Charly Palmer is all in. Blackness. No half-stepping. No excuses. The Power of BE, 15 new paintings by the Atlanta artist, are vivid, large-scale works that act as an artistic benefactor for Black humanness. See them through March 25 at Mason Fine Art in Midtown.
You’d be wise to pause and take in the saturated color and specificity in each piece and to note the commonality in their titles — each begins with a “Be-” syllable.
Becoming, a 60 x 48-inch acrylic on canvas and the exhibition’s focal point, details the journey that began in Africa. Notice that the first figure wears symbolic, geometric African patterns and a grand floral headdress of wisdom and strength. The next three bodies are bare, but if you dare to stare, you’ll see the power within slavery, bondage and deliverance. Interestingly, the last figure walks in the sun, his body continuing slightly past the edge of the canvas, perhaps depicting an ever-ending life.
In exhibition materials, Palmer says that The Power of Be is “both a statement about what is happening now and a question of what’s beyond. [It] also stands alone as a statement of how we exist in the world today, something that is ever-evolving.”
For more than 30 years, Palmer’s art has spoken for itself, perhaps most loudly last July when he did the cover art and several inside illustrations for Time magazine’s “America Must Change” issue and, about the same time, with singer-songwriter John Legend’s Bigger Love album.
Palmer’s signature florals (inspired by Irma Walker, his late mother) are seen in much of The Power of Be. Black beauty thrives in stories of past and present. The term “be” is evident throughout, including in Palmer’s music and fashion collaborations. Make sure you take your cellphone and earbuds to get the full experience.
You’ll be able to access QR codes to hear original music to accompany your journey. Palmer created the music with the ensemble Bouquet, formed for this project — cellist/composer Okorie “OK Cello” Johnson, vocalist Malesha Jessie Taylor and DJ/producer Salah Ananse. He also collaborates with fashion designer Kenya Freeman (Project Runway Season 16) who created two original dresses that are a part of Palmer’s Beautiful Blue and Beautiful Bloom, both framed in shadow boxes with silk floral bouquets at the base. Slave-ship replicas are included. Bloom features nature-inspired African patterns and leaves, while Blue is rendered in indigo and rooted in African culture.
Palmer uses his paintbrush as a griot, or storyteller of West African culture and history. He punctuates each painting’s title with a comma (left out here for clarity). Each work wants you to pause in order to receive its stories. Bemoaned, for example, pushes you to go beyond the woman’s hair to its significance as a crown atop a bound body that bears witness to burdens.

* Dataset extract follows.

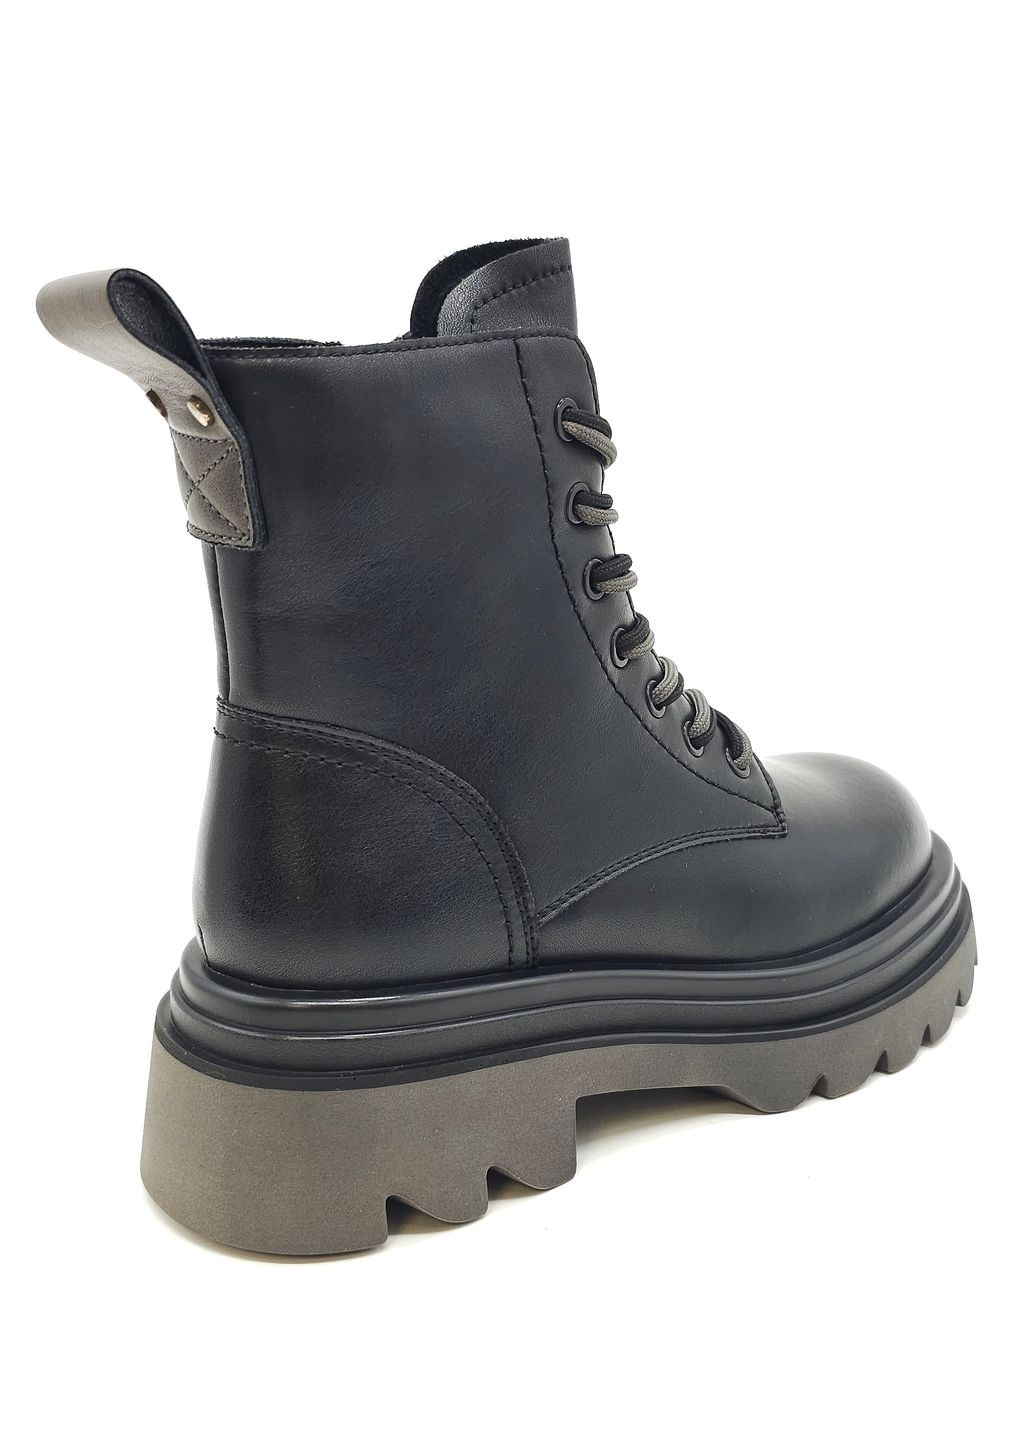 Осенние женские ботинки черные кожаные l-13-9 23 см (р) Lonza

In Betrayal, a disconnected connect between the positioning of the man’s head and the woman’s over-the-shoulder stance. You can’t tell who’s point of view Palmer created first. The woman’s ear is close to the man’s mind. What does she sense? Betrayal makes you wonder if Palmer channeled the James Baldwin essay The Fire Next Time: “Love takes off the masks that we fear we cannot live without and know we cannot live within.” Baldwin — who Palmer often paints — described love as a “state of being”; Palmer’s subjects seem to reside in a place of being made whole.
Take the woman’s crown, a collage of ancestry, history and weight, including text scattered within: “universe / love / wellness / respect / foundation.” Note that the words “country” and “movement” are upside down. Is the betrayal in the subjects themselves or is it in society? The blue and black circles in her dress, topped by lace, may well share a story of wholeness amid the brokenness, or vice versa.
Beloved makes us smile with its vibrant colors and tenderness, a reminder that we’re all in this pandemic together. We see the hands of parents. One adjusts the child’s floral face mask, the other her bike helmet. Both accessories carry space and stars imagery.
We must trust Palmer’s intentionality. The likenesses of Congressman John Lewis and voting rights leader Stacey Abrams in Be Good Trouble and Be Determined, respectively, display tenacity and strength. The tops of their faces are distinct, the bottoms covered by masks that evoke visions of ancestors and the power of speaking their truths.
This exhibit begins Palmer’s plan to continue exploring “be” installations throughout 2021 — Believe to see. Believe to hear. Believe to embrace.
Twenty percent of the proceeds of art from this show will be donated to Meals on Wheels Atlanta. And so The Power of Be reminds us that everything may be eventually all right. The revelation is real. Be ready.